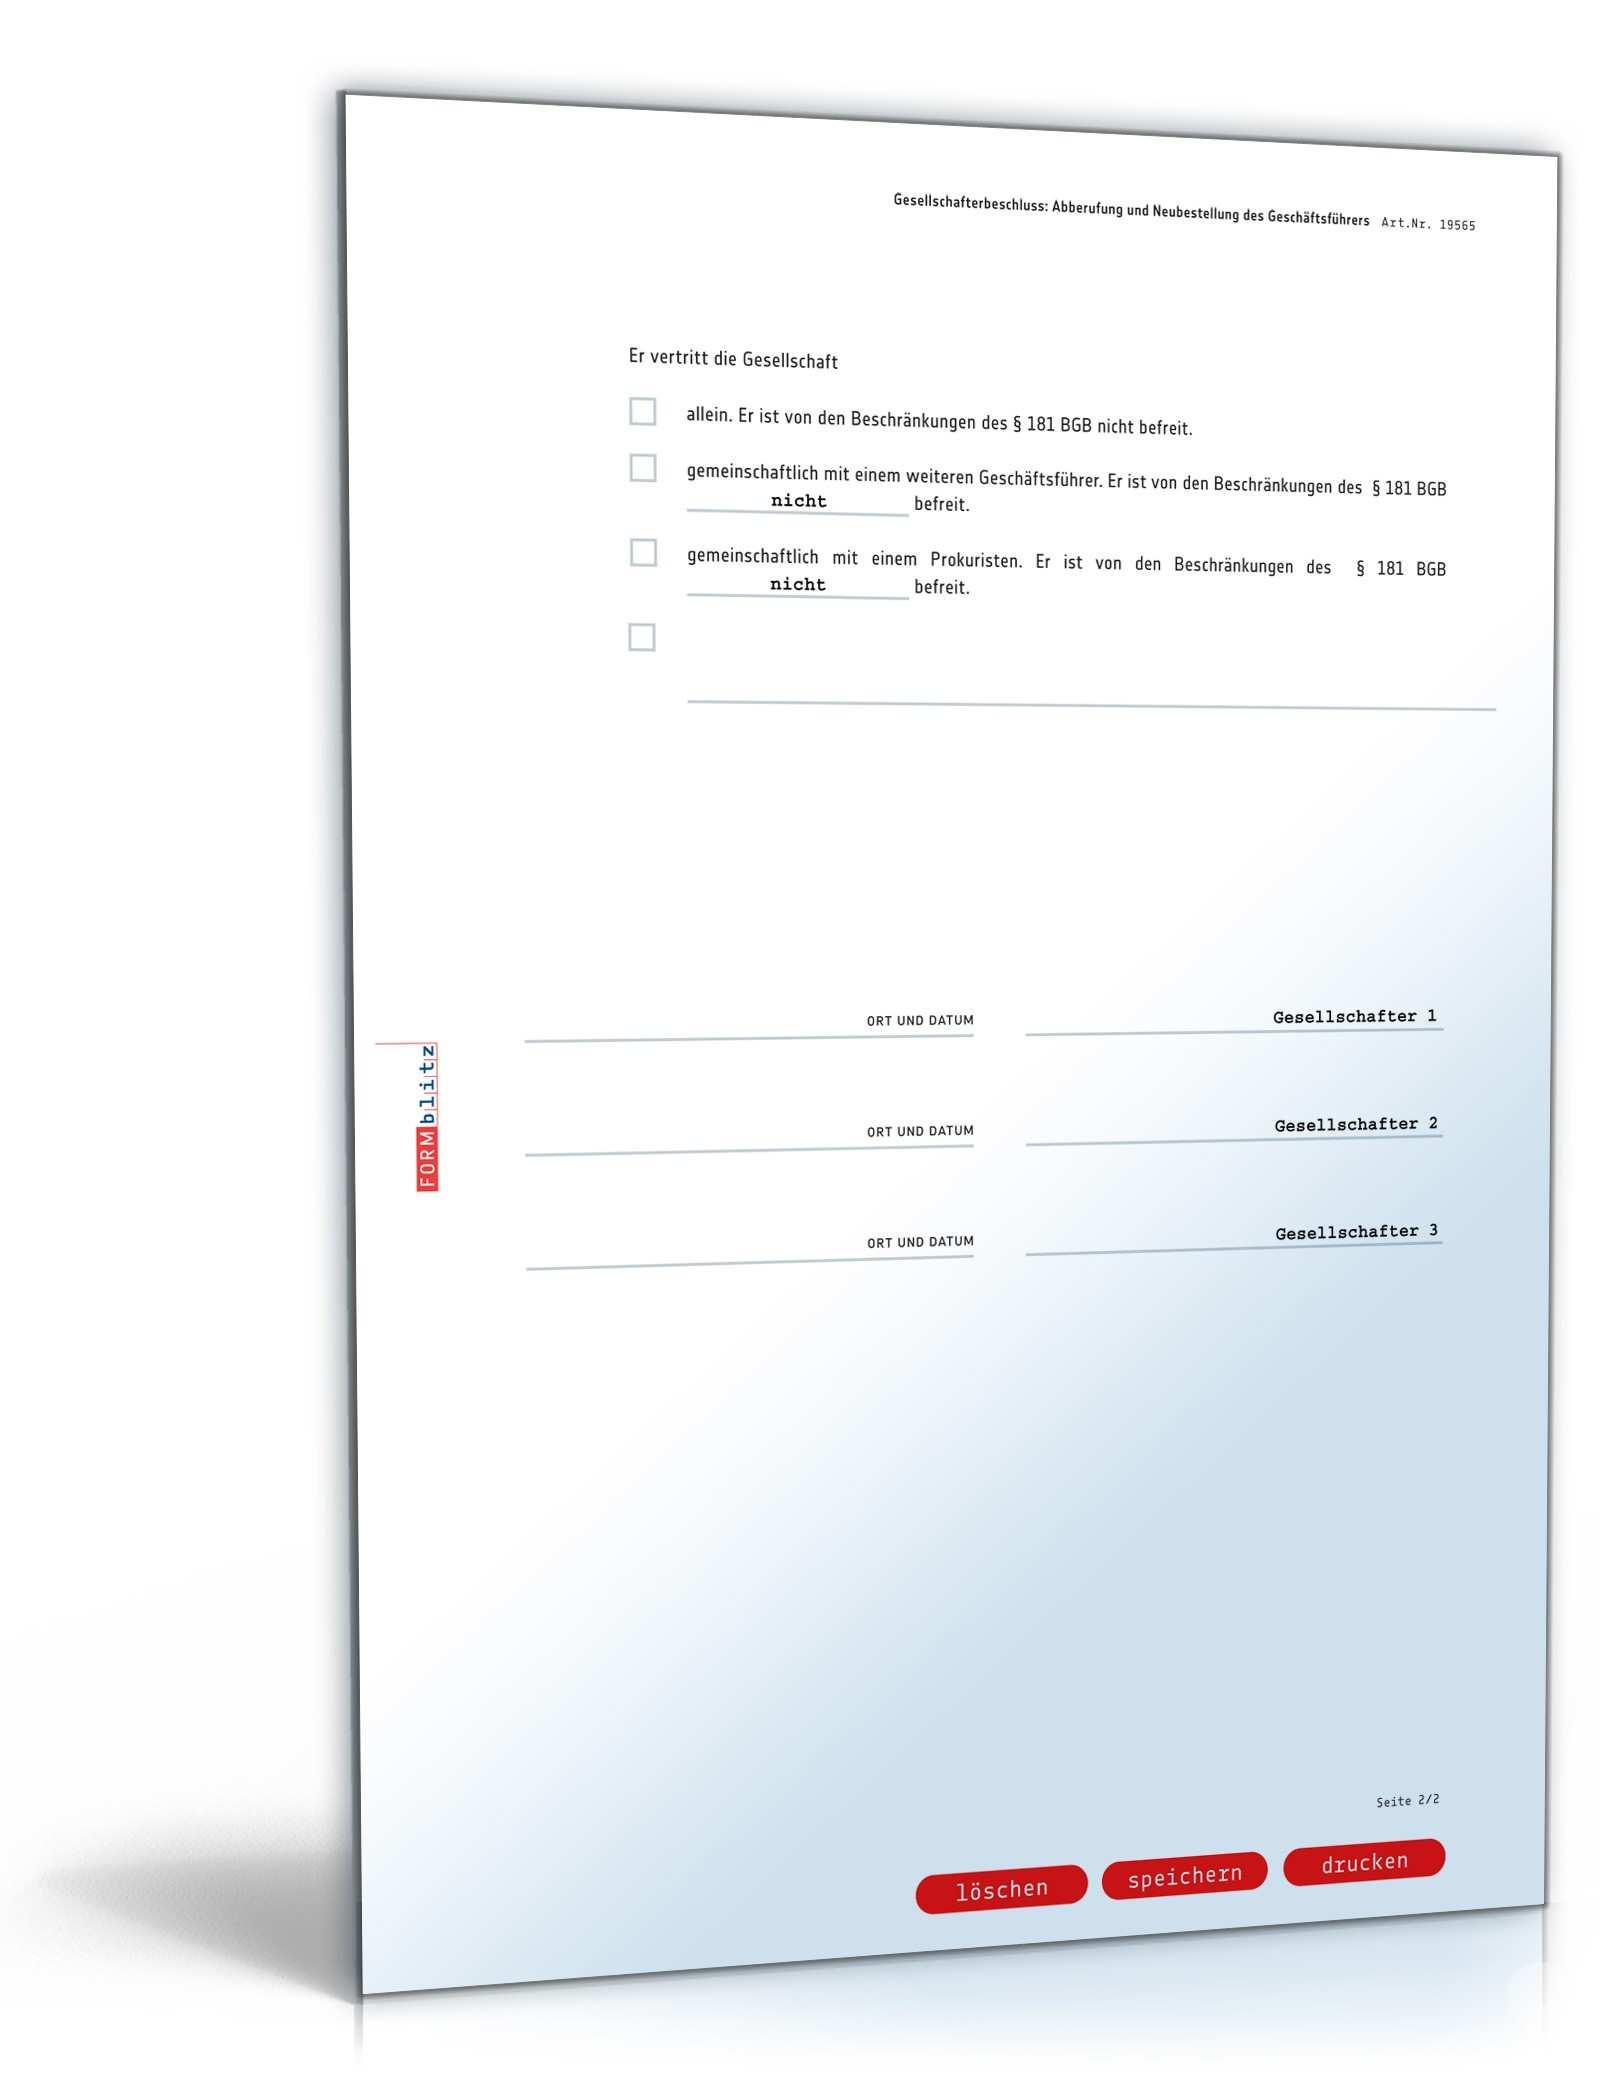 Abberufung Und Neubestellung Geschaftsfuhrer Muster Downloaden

-------------------------

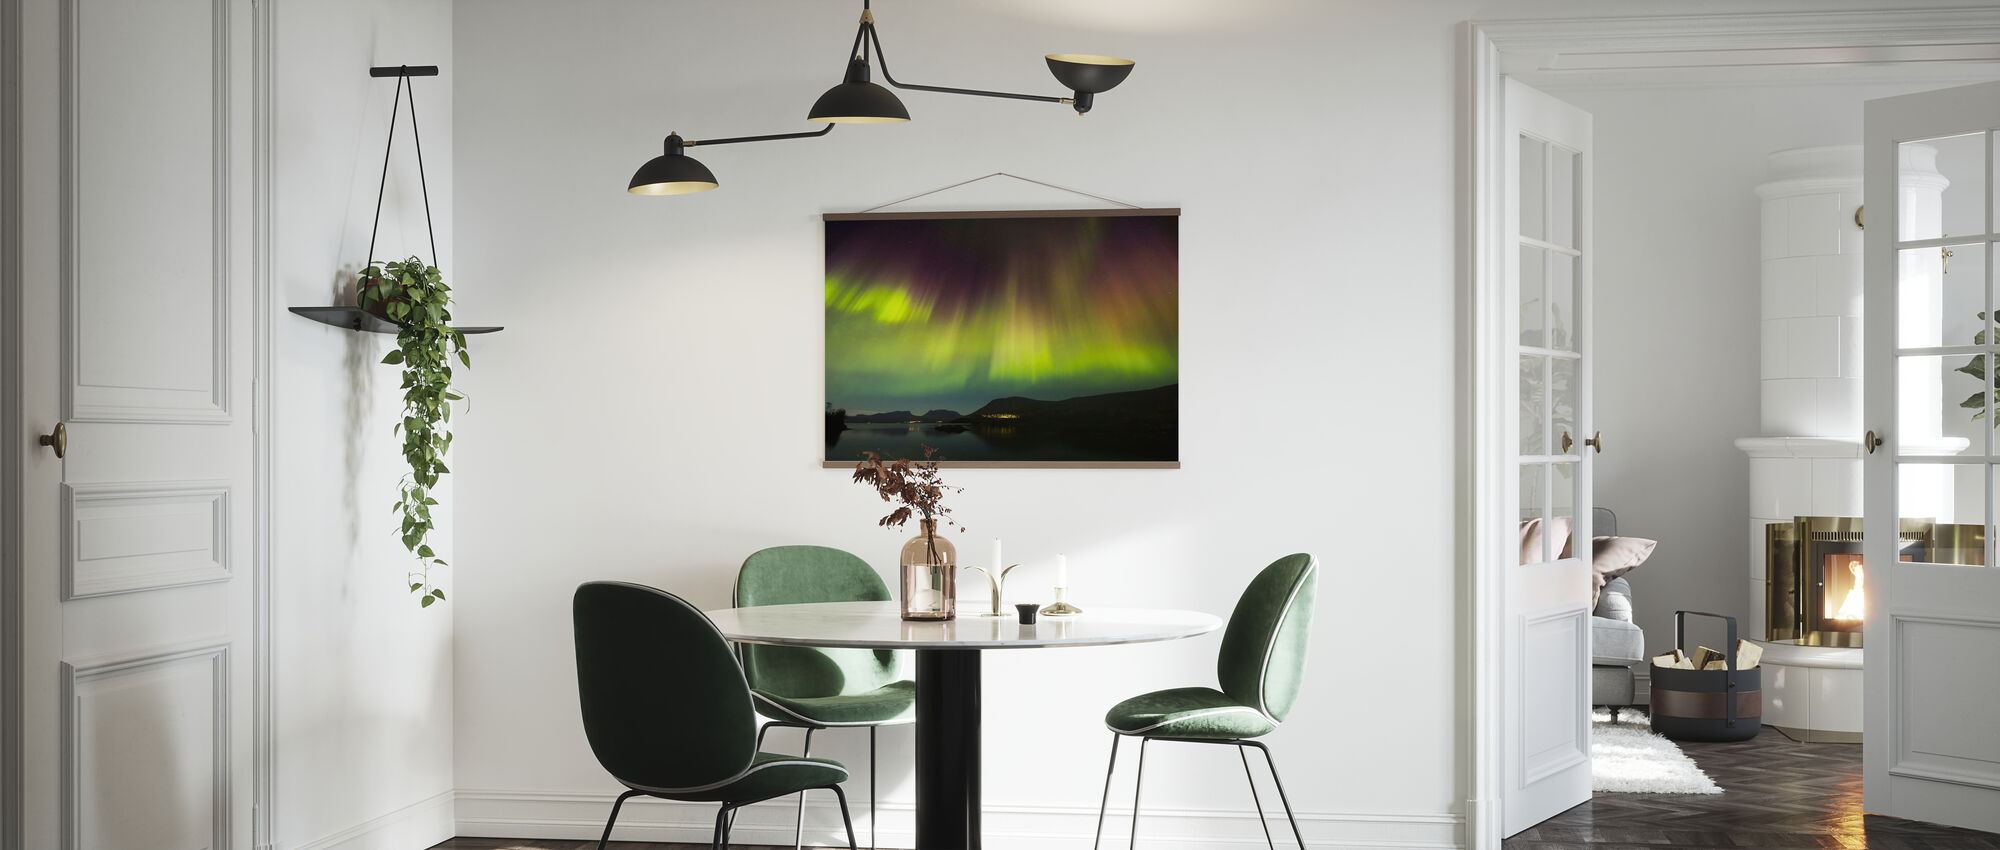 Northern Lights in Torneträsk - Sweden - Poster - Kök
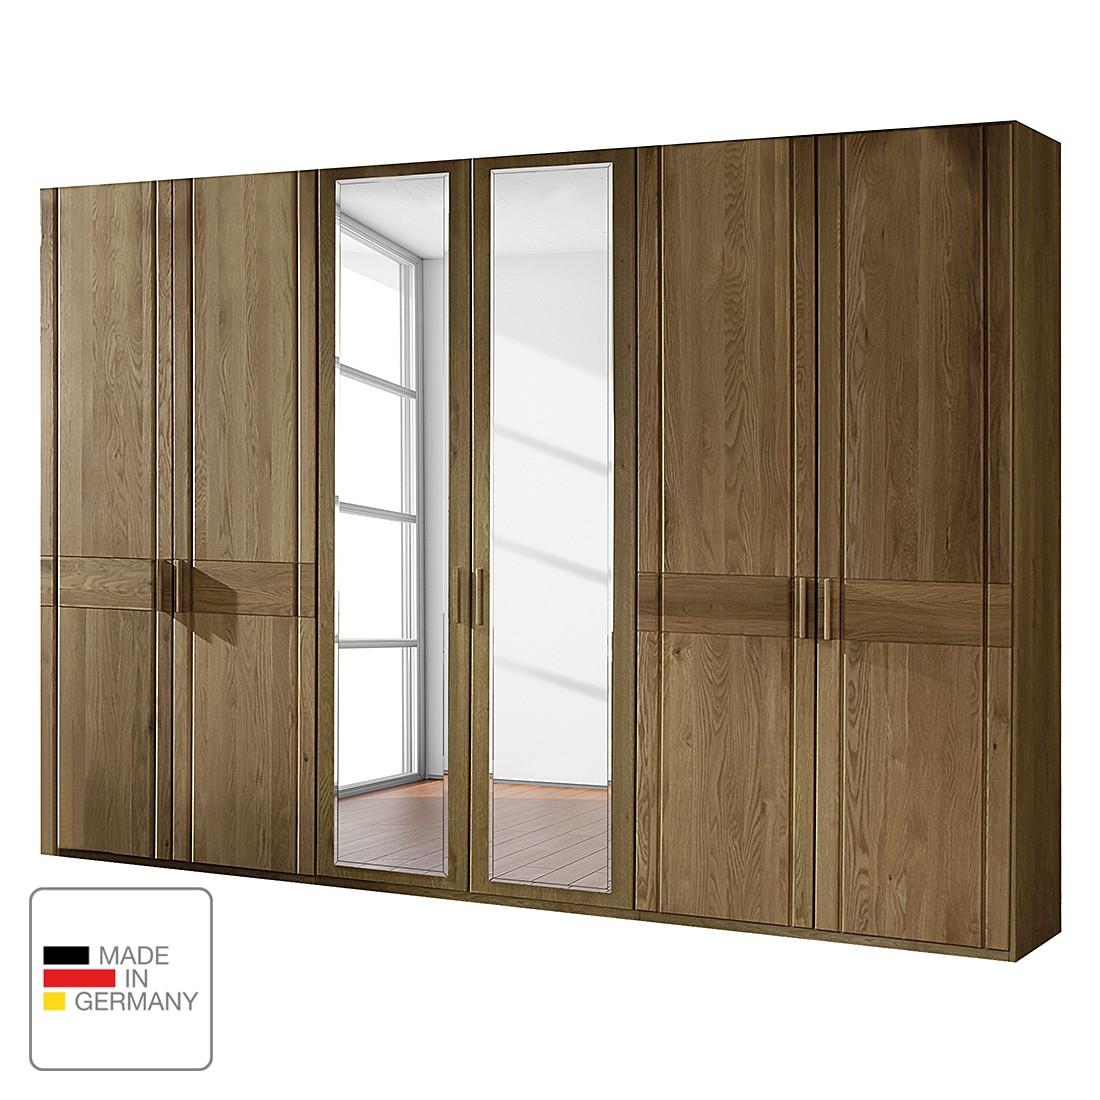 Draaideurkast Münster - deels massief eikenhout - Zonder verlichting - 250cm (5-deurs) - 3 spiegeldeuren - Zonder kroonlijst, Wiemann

-------------------------

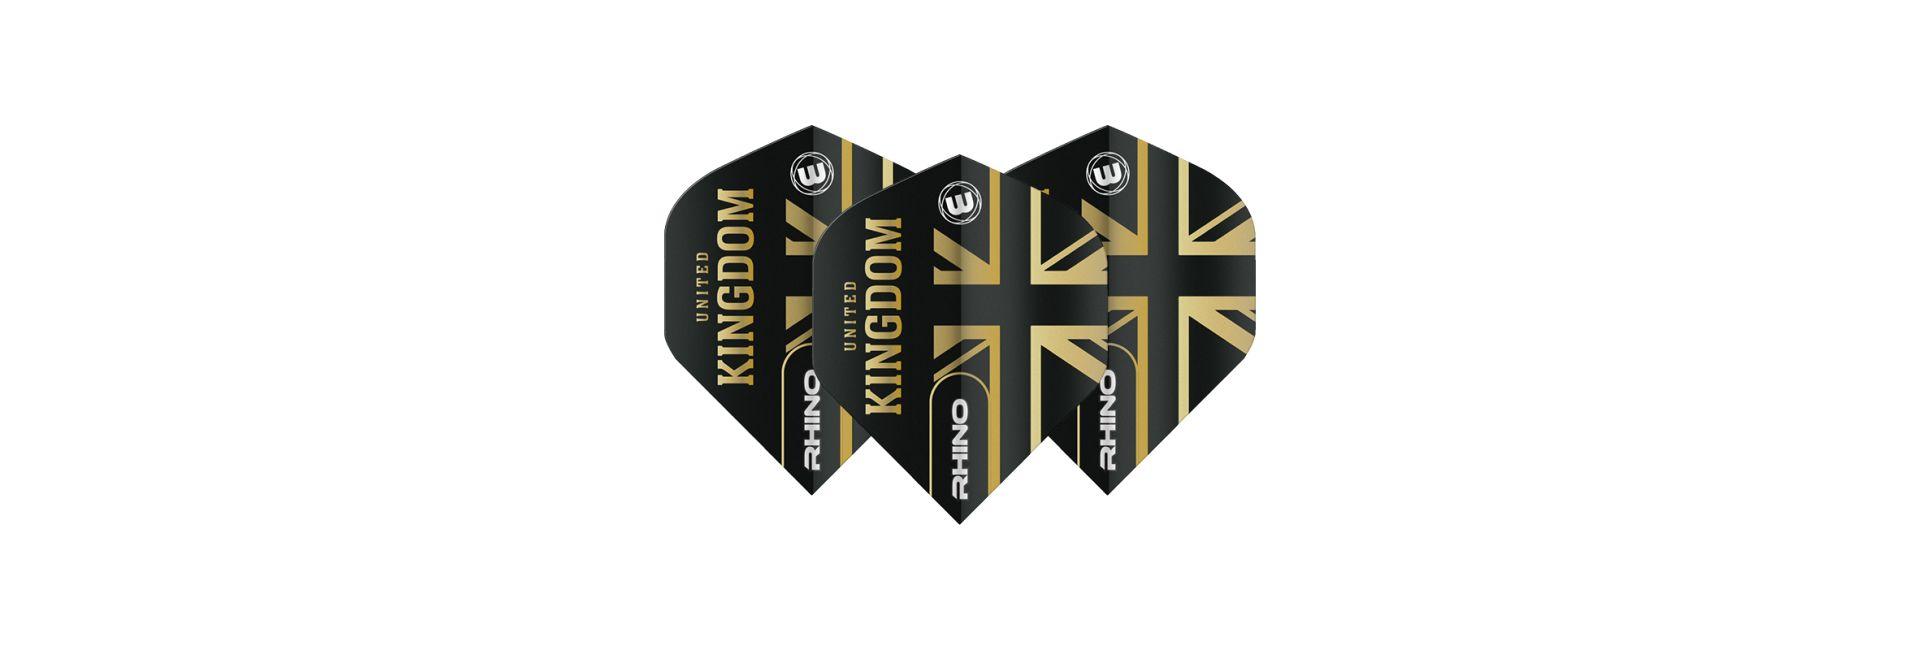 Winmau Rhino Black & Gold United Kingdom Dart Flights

-------------------------

> _Your instructions_
Using the entries above, extract exactly the lines from the one that contains "Northern Lights in" through the one that contains "Draaideurkast Münster - deels". Do not carry over any pictures.

> _Output of the exercise_
 Northern Lights in Torneträsk - Sweden - Poster - Kök
 Draaideurkast Münster - deels massief eikenhout - Zonder verlichting - 250cm (5-deurs) - 3 spiegeldeuren - Zonder kroonlijst, Wiemann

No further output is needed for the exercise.